While considering your estate planning for future generations, forget this year's tax levy and think of the one your beneficiaries will pay years from now.

Taxes can turn an inheritance into a burden for beneficiaries. The federal estate tax exemption sits at $5.43 million for individuals and $10.86 million for couples, placing those paying estate taxes firmly in the upper echelons of the 1 percent. But what Uncle Sam doesn't look for, 16 states and the District of Columbia certainly will. Connecticut, Delaware, D.C., Hawaii, Illinois, Maine, Maryland, Massachusetts, Minnesota, New Jersey, New York, Oregon, Pennsylvania, Rhode Island, Tennessee, Vermont and Washington all impose state estate taxes of up to 20 percent for those worth more than a specified amount. That ceiling is as high as the fed-matching $5.4 million in Hawaii, but dips as low as $675,000 in New Jersey.
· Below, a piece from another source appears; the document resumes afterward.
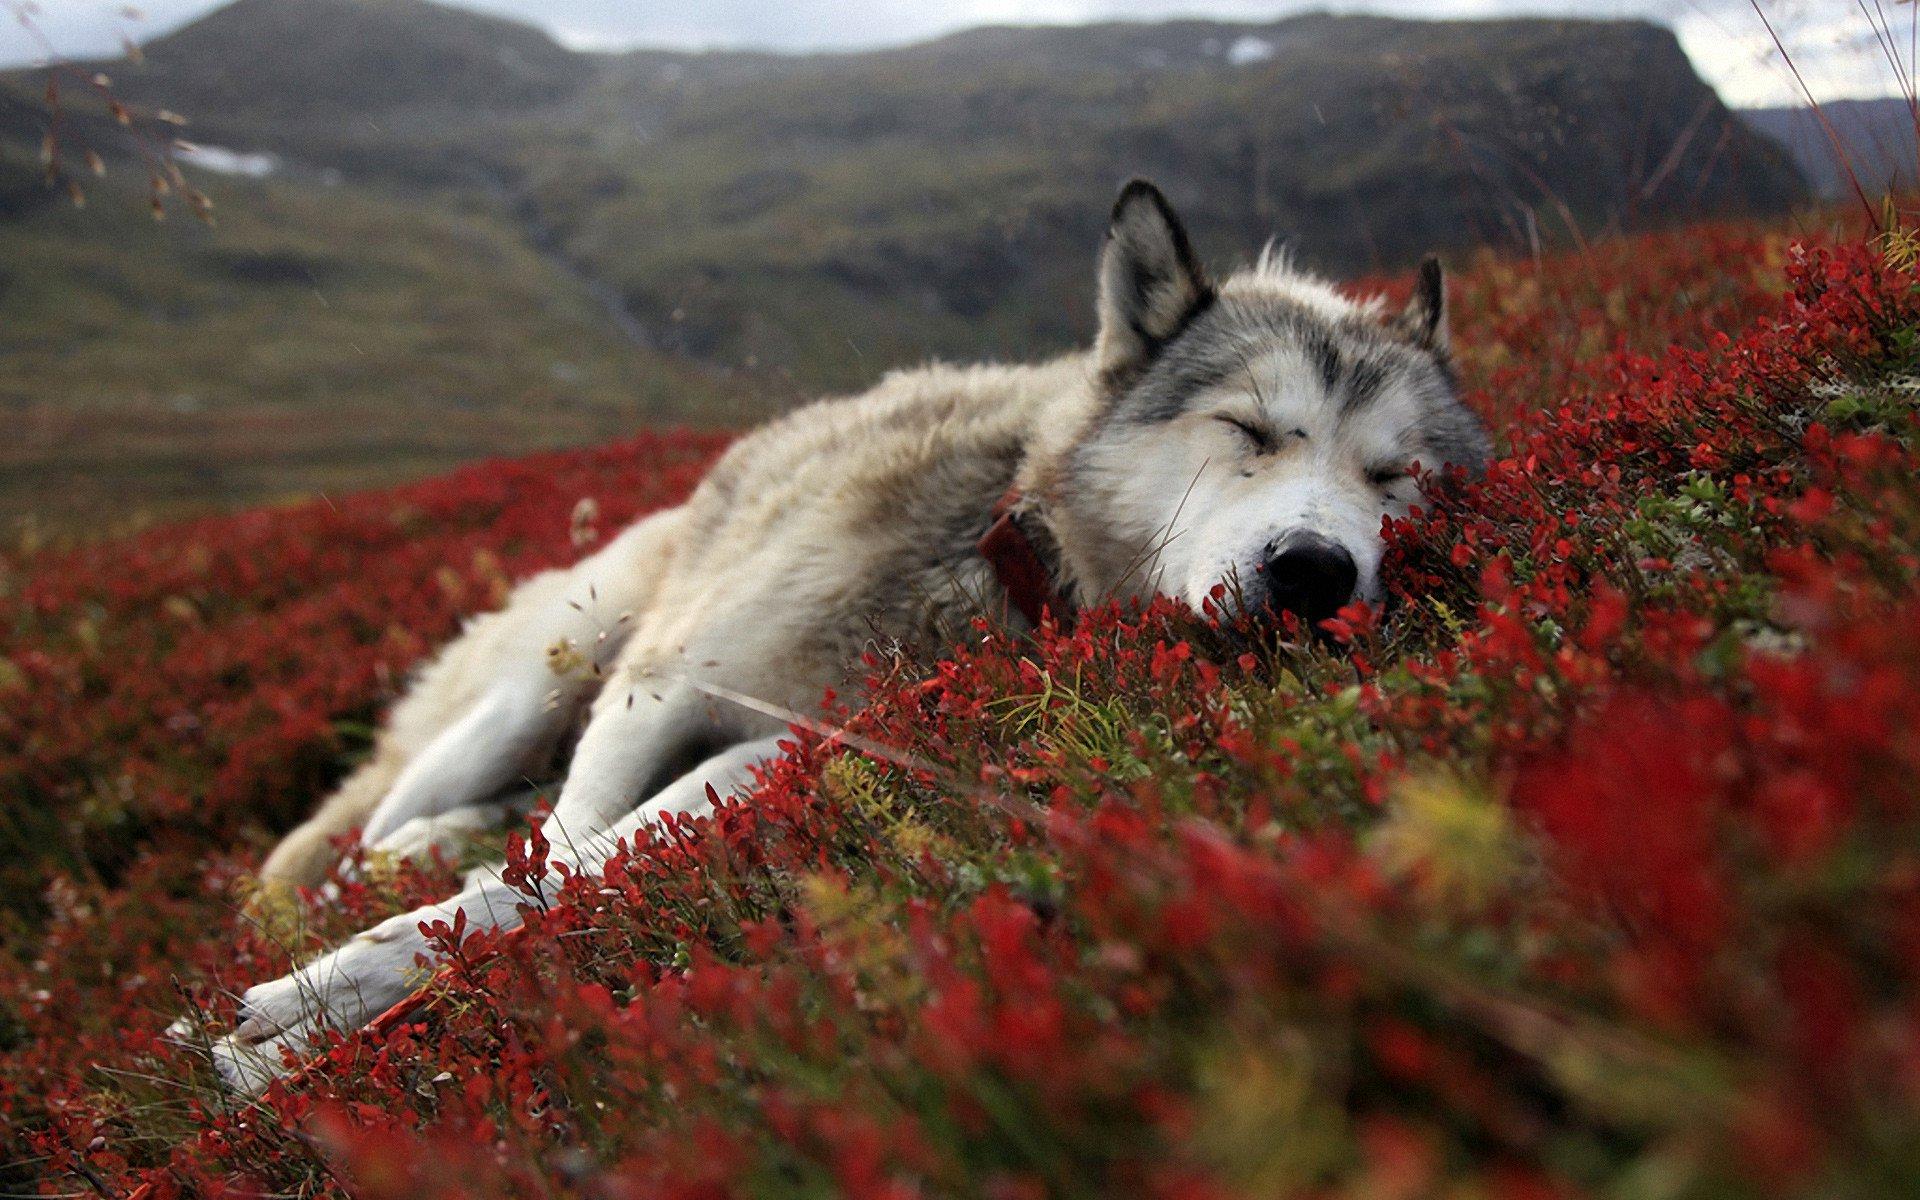 Woofland - Το τέλειο πάρκο μέσα από τα μάτια ενός σκύλου - Γουφαμάρες 8

That's just what gets taxed before filing time. If an heir happens to have the distinction of living in Iowa, Kentucky, Maryland, Nebraska, New Jersey or Pennsylvania, there's an extra inheritance tax tacked on once the inheritance is received. Wives of heirs are exempt from all of these taxes, as are life insurance payouts, but that's about as kind as each of these plans gets. Descendants are taxed anywhere from 10 percent to 26 percent after coming into some money or property. Domestic partners in all of the above states excluding New Jersey are on the hook for inheritance taxes at those rates as well.
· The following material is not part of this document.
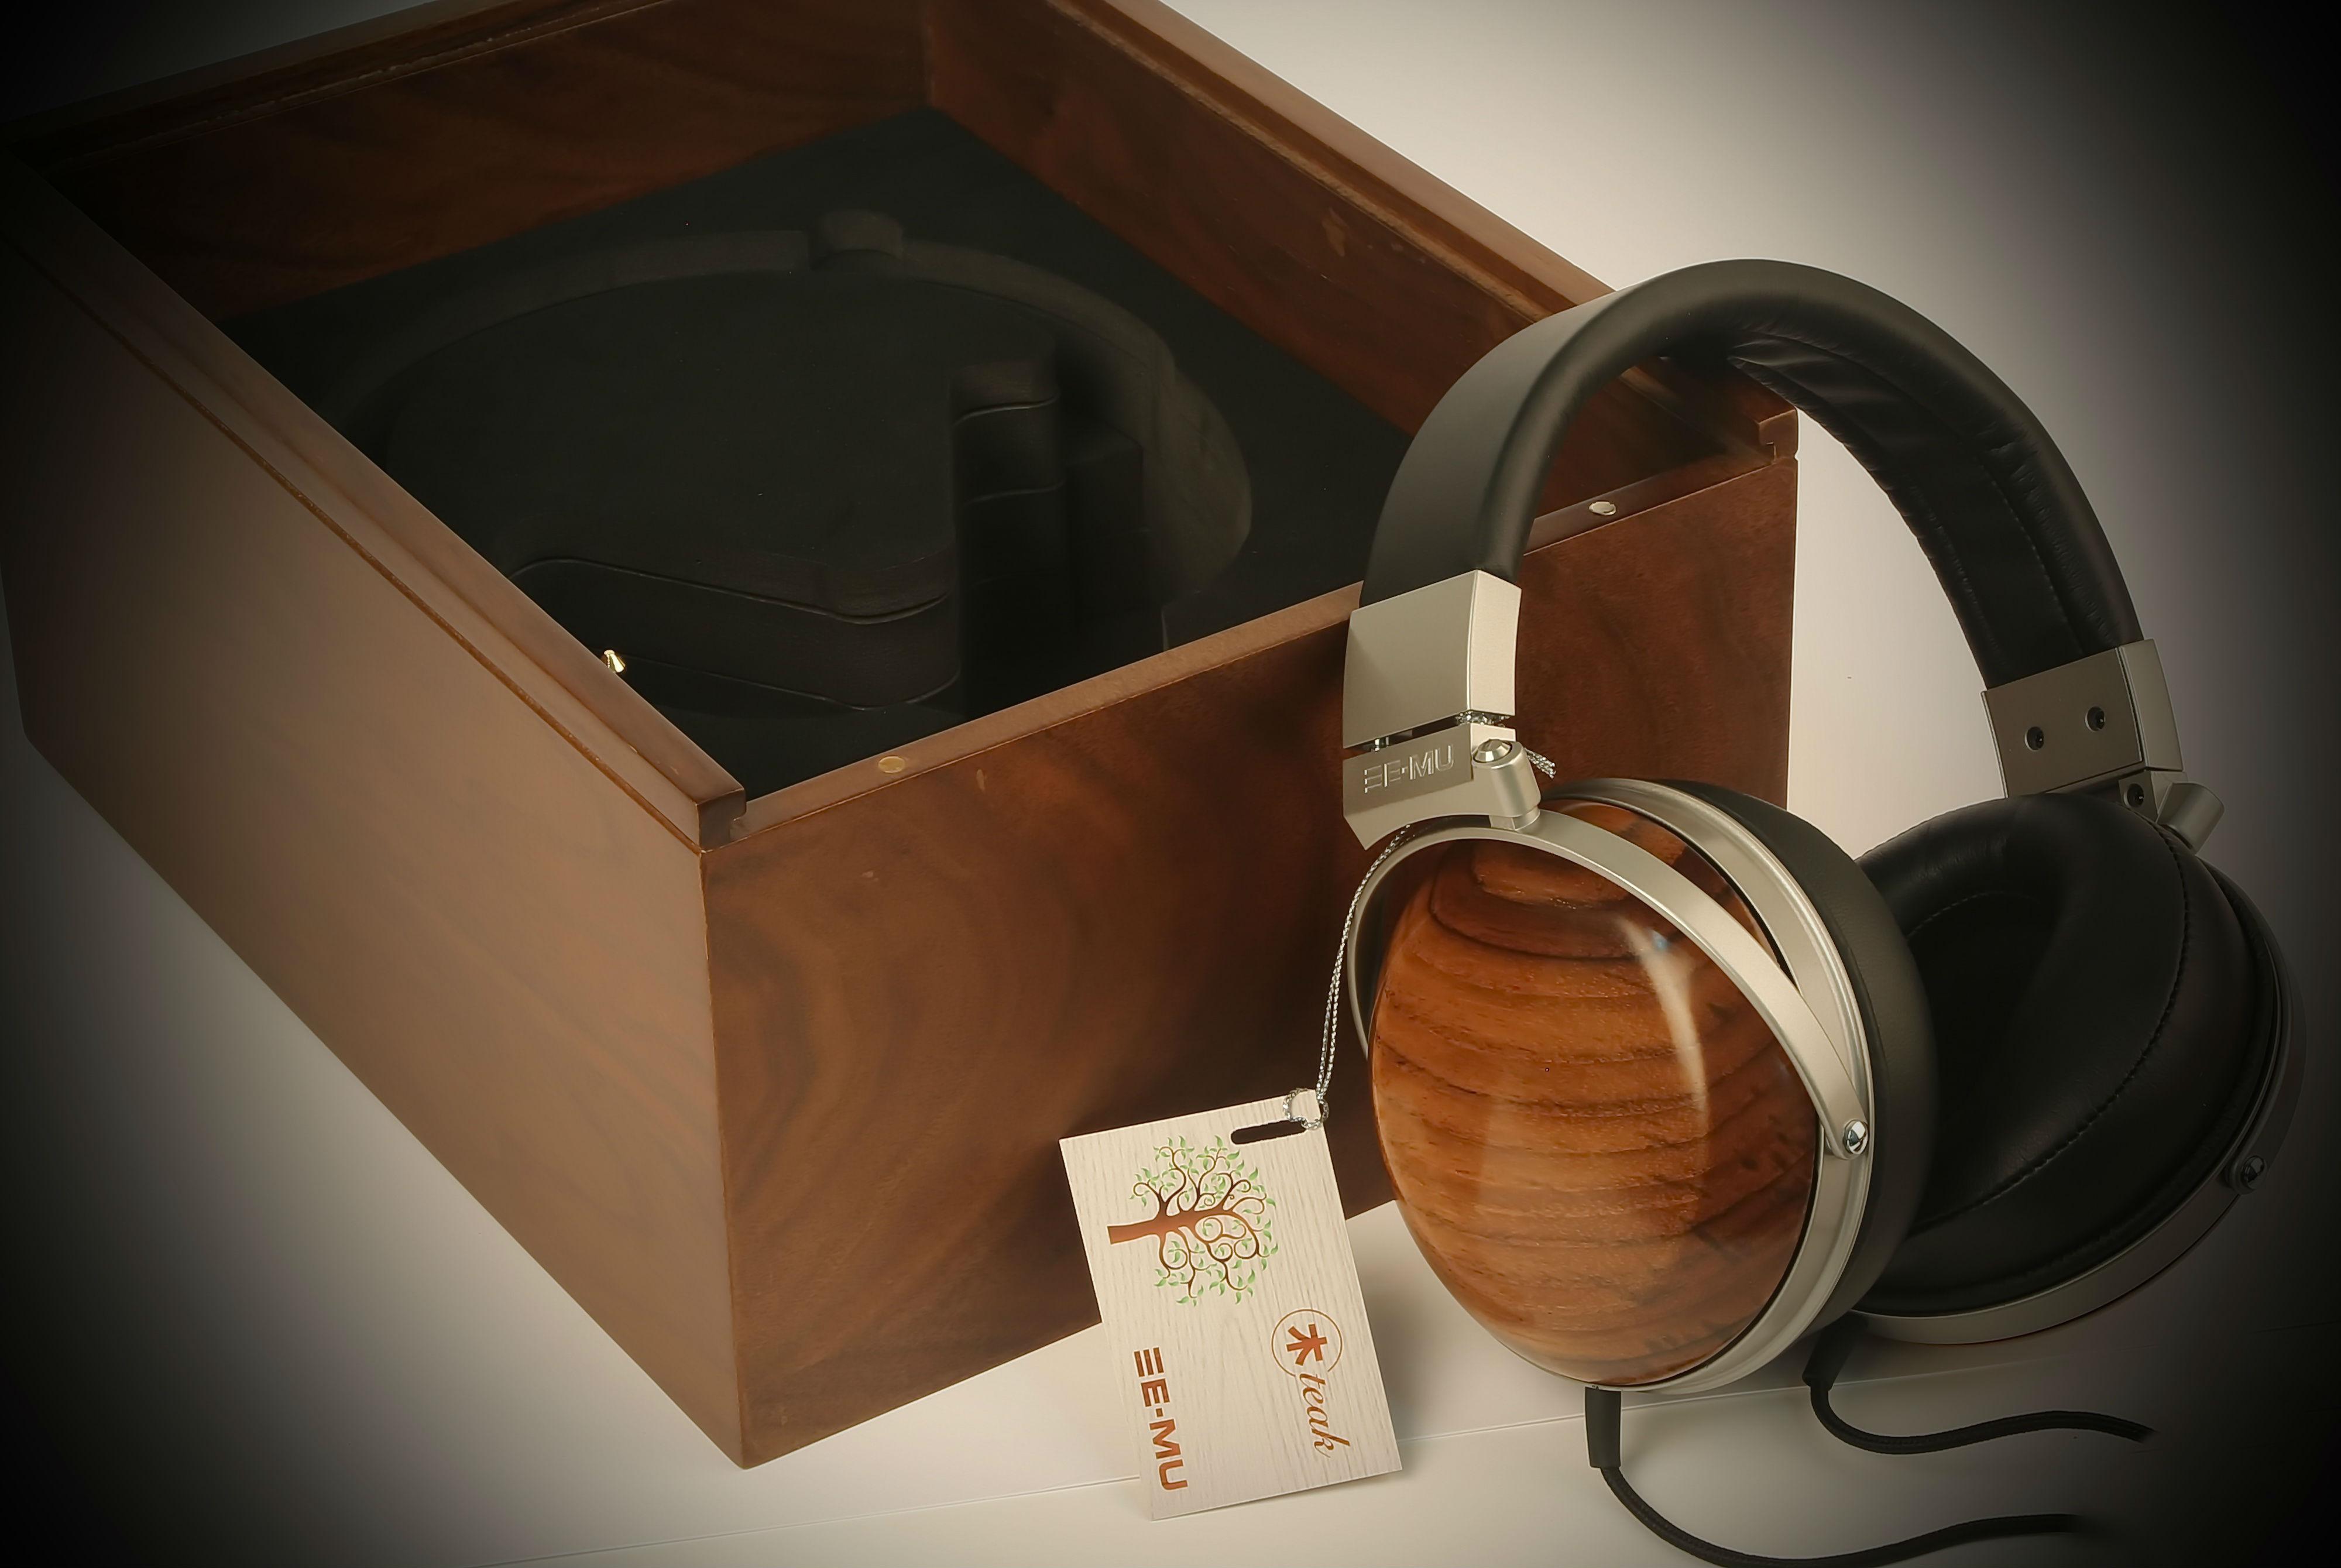 Аудиофилы получат возможность приобрести наушники с деревянными корпусами

Because of the high exemption amounts for state and federal estate taxes, financial advisers suggest focusing on other tax implications with the help of comprehensive advisors who can also function as attorneys and accountants. While Roth IRAs or trusts are sure ways to keep your beneficiaries from losing a bit of their inheritance to taxes, the following are similarly efficient ways to transfer wealth without worrying about estate or income taxes:

1. Life Insurance

This is an absolute must, whether you're just trying to reduce the tax hit on your estate or just transfer your money tax free.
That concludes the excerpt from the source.